1. ## Integration question

Let f(x) be a continous function such that its first two derivatives f'(x) and f''(x) are continous. The tangents to the graph of f(x) at the points with abscissa x=a and x=b make with the X-axies angles π / 3 and π /4 respectively. then the value of the integral

Integrate [ f'(x) * f''(x) dx ] from a to b equals?

a. 1-root3
b. 0
c. 1
d. -1

Thanks

2. Hello,
Originally Posted by champrock
Let f(x) be a continous function such that its first two derivatives f'(x) and f''(x) are continous.

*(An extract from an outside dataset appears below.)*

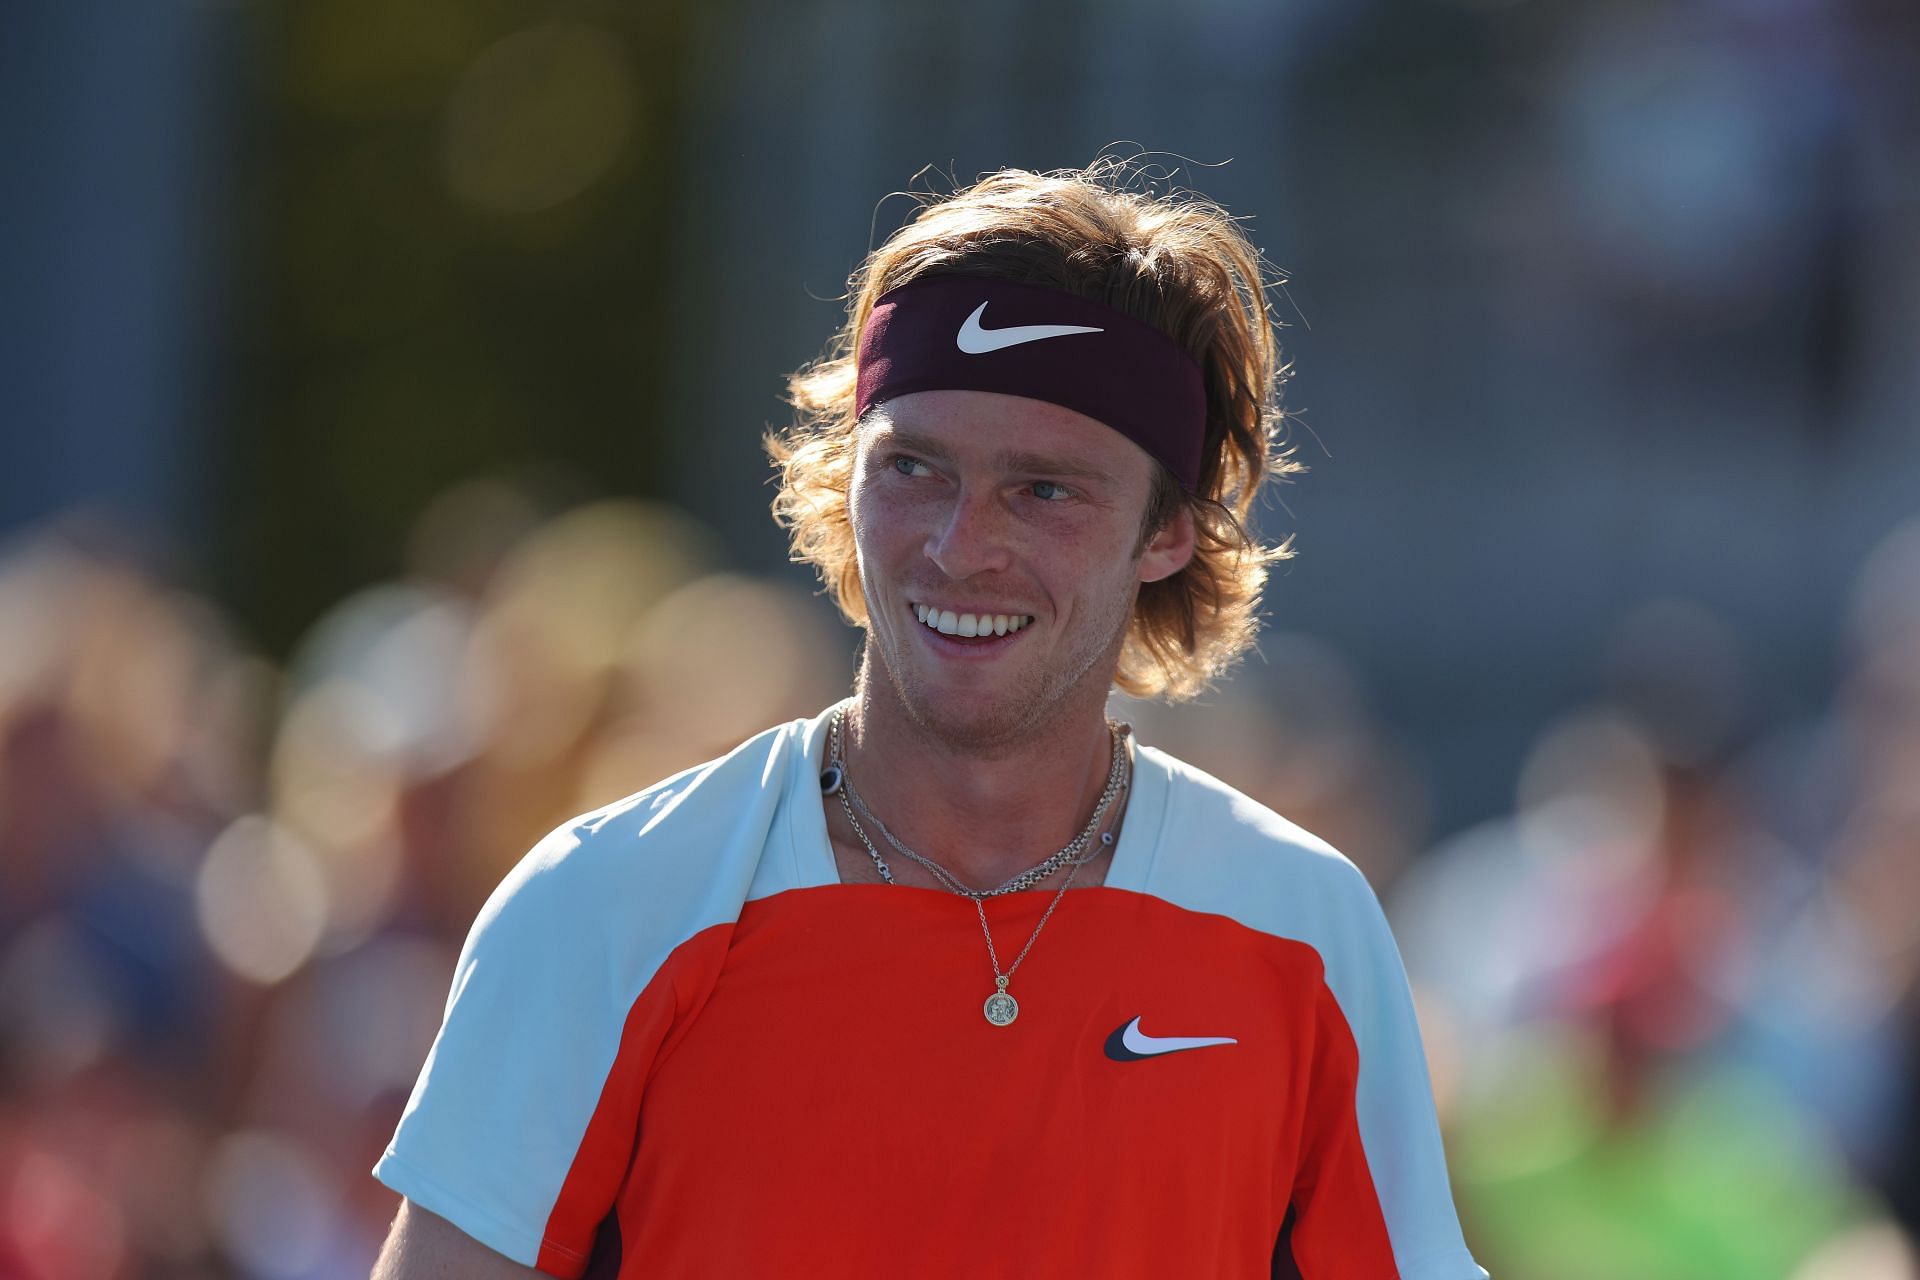 Andrey Rublev at the 2022 U.S. Open.

The tangents to the graph of f(x) at the points with abscissa x=a and x=b make with the X-axies angles π / 3 and π /4 respectively. then the value of the integral

Integrate [ f'(x) * f''(x) dx ] from a to b equals?

a. 1-root3
b. 0
c. 1
d. -1

Thanks
I don't know how to solve the final stuff (I guess you have notes about values of the derivative if the tangent makes a certain angle with the x-axis), but I hope this can help you :

$\int_a^b f'(x) f''(x) ~dx=\frac 12 \int_a^b 2 f'(x) [f'(x)]' ~dx$

And this integrates into :
$\left.\frac 12 ~[f'(x)]^2 \right|_a^b$

3. no notes here.

What I had initially attempted was take f'(x) = t so f''(x) dx = dt therefore the integral reduces to Integrate[t d(t)]

But dont know exactly how to interprete (a,b) here.

4. Originally Posted by champrock
no notes here.

What I had initially attempted was take f'(x) = t so f''(x) dx = dt therefore the integral reduces to Integrate[t d(t)]

But dont know exactly how to interprete (a,b) here.
But please next time, write down what you've tried;...

$\int_a^b t ~dt=\left. \frac 12 t^2 \right|_a^b=\left. \frac 12 [f'(x)]^2 \right|_a^b=\frac 12 [f'(b)]^2-\frac 12 [f'(a)]^2$

Now you know that the tangent to the curve at point a, has a slope of f'(a).
If it forms an angle of pi/3 with the x axis, it means that its slope is tan(pi/3) ---> f'(a)=tan(pi/3) and f'(b)=tan(pi/4)

There is an example here : Vectors Aligned with X-Y Axes, but I can't find a good link (and it's time to eat ^^)

5. actually, I was not at all sure whether this was the right way or not, so I didnt bother to write it. Will keep it in mind.

Enjoy! and thanks once again for boththe questions!